Exercise aim | Repeat exactly the lines below that lie between the line with "Gorgeous lantern or" and the line with "The golden details", counting both of those lines as part of the answer.

Given records |
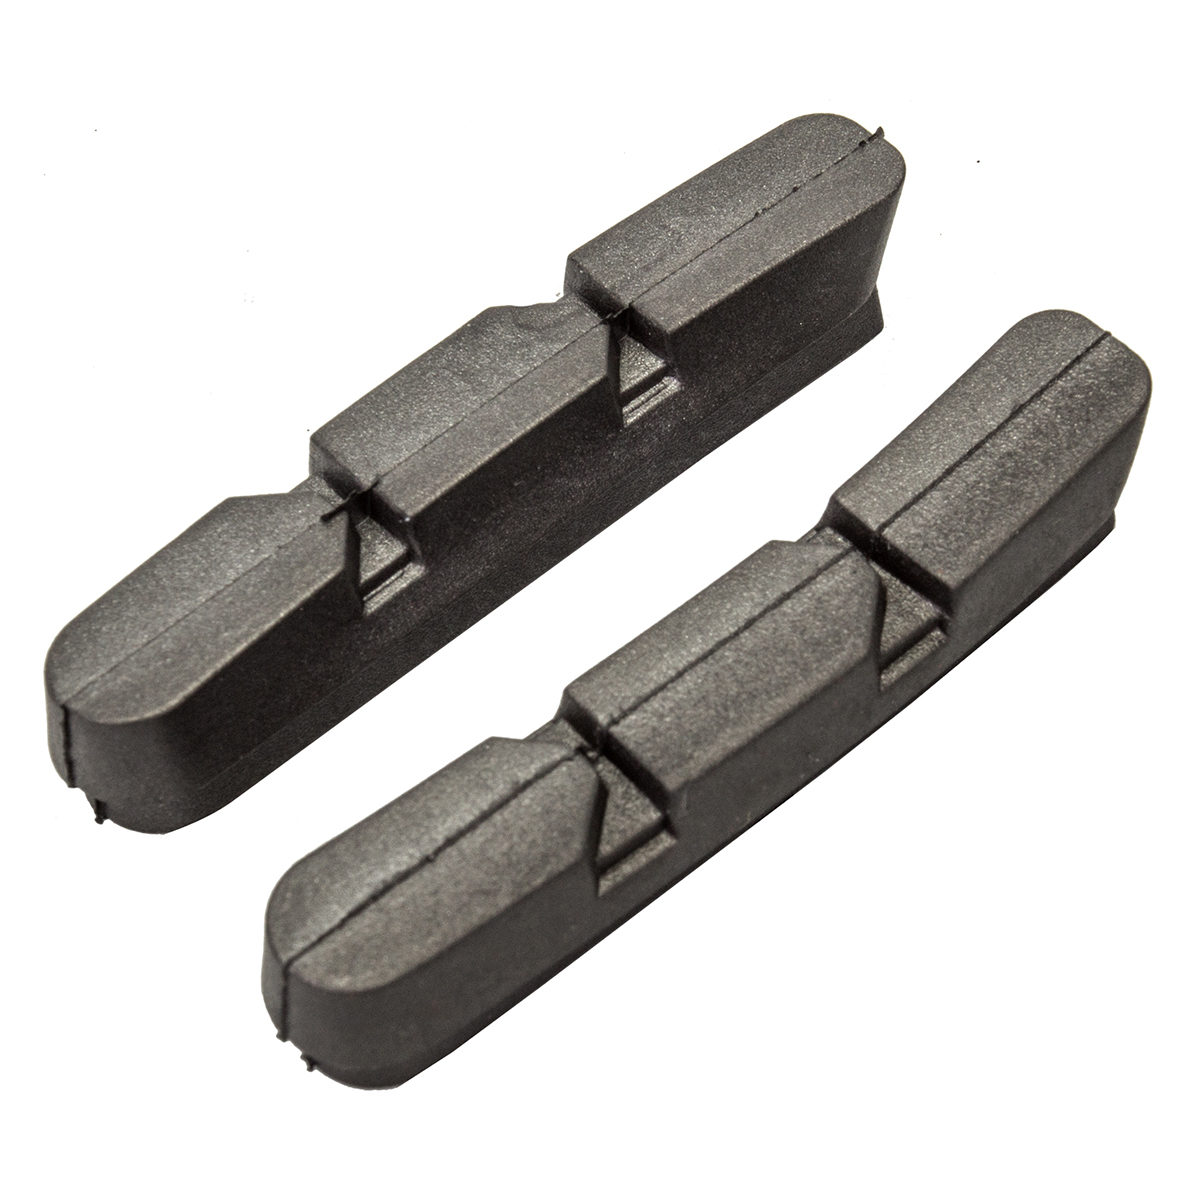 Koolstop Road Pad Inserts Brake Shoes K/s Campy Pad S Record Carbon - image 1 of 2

--

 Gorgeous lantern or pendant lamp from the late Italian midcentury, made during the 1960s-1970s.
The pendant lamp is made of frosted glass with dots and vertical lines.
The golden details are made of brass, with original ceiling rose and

Solution to this task |
 Gorgeous lantern or pendant lamp from the late Italian midcentury, made during the 1960s-1970s.
The pendant lamp is made of frosted glass with dots and vertical lines.
The golden details are made of brass, with original ceiling rose and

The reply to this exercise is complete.